SAP Aktie: BSI-Zulassung für Walldorf und St. Leon-Rot
SAP schützt seine deutschen Rechenzentren mit neuer Quanten-resistenter Verschlüsselungstechnologie und erhält BSI-Zulassung für hochsensible Daten.

Kurz zusammengefasst
- Quantensichere Verschlüsselung für SAP-Rechenzentren
- BSI-Zulassung für Geheimhaltungsgrad VS-NfD
- Kritische Commerce-Cloud-Lücke aktiv ausgenutzt
- Cloud-Auftragsbestand wächst um 27 Prozent
SAP rüstet seine deutschen Rechenzentren mit einer neuen Verschlüsselungstechnologie aus, die selbst Angriffen durch Quantencomputer widerstehen soll. Der Softwarekonzern setzt für die Standorte Walldorf und St. Leon-Rot künftig auf eine Layer-1-Verschlüsselung von Adva Network Security, einem Unternehmen der Adtran-Gruppe.
Die Technik verschlüsselt Daten bereits auf optischer Ebene und hat vom Bundesamt für Sicherheit in der Informationstechnik die Zulassung für Verschlusssachen des Geheimhaltungsgrads VS-NfD erhalten.
Sicherheitsoffensive mit zwei Gesichtern
Die Maßnahme fällt in eine Phase, in der SAP-Systeme auch von der Angreiferseite unter Beobachtung stehen. Parallel zur Ankündigung der quantensicheren Verschlüsselung wurde bekannt, dass eine kritische Schwachstelle in der SAP Commerce Cloud bereits drei Tage nach Veröffentlichung eines Patches aktiv ausgenutzt wird.
Die Lücke trägt die höchste Risikobewertung auf der gängigen Skala und erlaubt es Angreifern ohne Zugangsdaten, eigenen Code auszuführen. SAP empfiehlt betroffenen Kunden dringend, den Patch einzuspielen und zusätzlich IP-Filter zu setzen.
Für Anleger zeigt diese Doppelbotschaft, wie sehr Sicherheit inzwischen zum Kerngeschäft von SAP gehört – als Verkaufsargument gegenüber Behörden und Konzernen einerseits, als operatives Risiko andererseits.
Die BSI-Zulassung für hochsensible Rechenzentren stärkt das Vertrauen deutscher Großkunden und öffentlicher Auftraggeber in die Cloud-Infrastruktur des Konzerns, während die Schwachstelle in der Commerce Cloud daran erinnert, dass die Angriffsfläche mit wachsender Cloud-Präsenz zunimmt.

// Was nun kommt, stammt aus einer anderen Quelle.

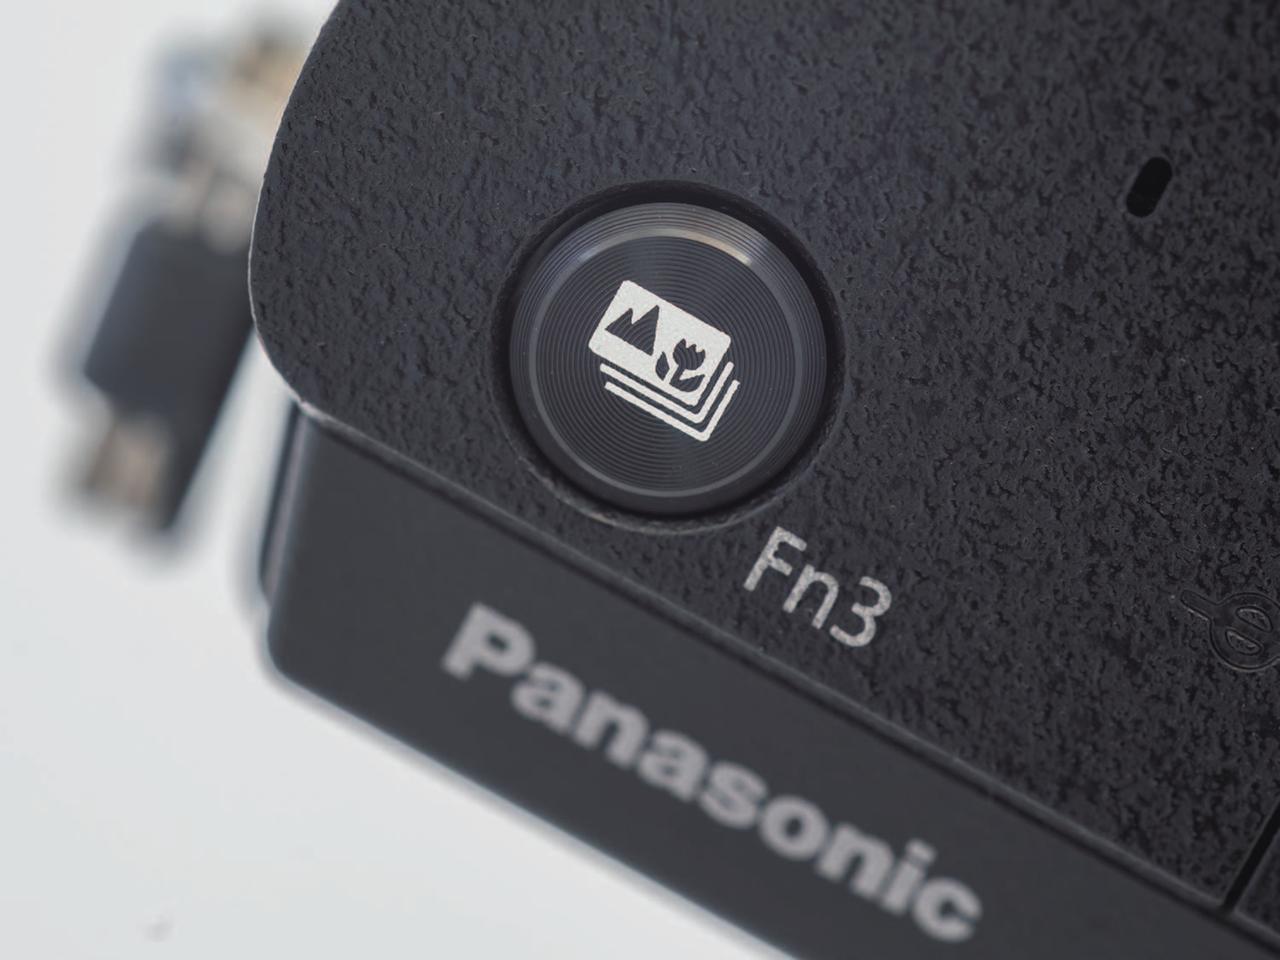 画像: 上面の「Fn3」ボタンは、自分撮りモード時にシャッターボタンとして機能する。左右どちらの手でも構えることができるのは便利だ。

Analysten bleiben mehrheitlich zuversichtlich, sehen aber begrenztes Potenzial
Die Aktie schloss am Dienstag bei 181,90 Euro. Von den Analysten, die SAP-Titel abdecken, empfehlen elf den Kauf, zwei raten zum Halten, einer zum Verkauf. Das durchschnittliche Kursziel liegt bei 193,92 Euro, die Spanne reicht von 164 bis 215 Euro – gemessen am aktuellen Kurs von 181,46 Euro bleibt damit nur noch moderater Spielraum nach oben.
Fundamental stützt sich der Optimismus auf das Cloud-Geschäft: Der Auftragsbestand in diesem Segment wuchs im zweiten Quartal um 27 Prozent auf 22,9 Milliarden Euro, die Cloud-Erlöse legten um 22 Prozent auf 6,3 Milliarden Euro zu. Für das laufende Jahr rechnet SAP mit einem operativen Ergebnis nach non-IFRS-Rechnung zwischen 11,8 und 12,2 Milliarden Euro.
Ausbau der operativen Basis
Abseits der Sicherheitsthemen treibt SAP auch die funktionale Weiterentwicklung seiner Cloud-Plattform voran. Mit dem Release 2608 für das SAP Cloud ERP wurden Verbesserungen im Supply-Chain-Management eingeführt, darunter eine engere Verknüpfung von Lohnbearbeitung und Transportmanagement sowie neue Apps für Lagerprozesse.
International gewinnt zudem die KI-Assistentin Joule an Praxisrelevanz: Der brasilianische Einzelhändler Americanas testet die Lösung seit einem Monat für technischen Support und Personalprozesse, um manuelle Arbeit zu reduzieren und Analysen zu beschleunigen.
Insgesamt zeichnet sich ein Bild eines Konzerns, der auf mehreren Ebenen zugleich investiert – in Sicherheit, Funktionsumfang und internationale Referenzkunden. Die Bewertung der Aktie spiegelt diesen breiten Fortschritt bereits weitgehend wider, wie die enge Kurszielspanne der Analysten nahelegt.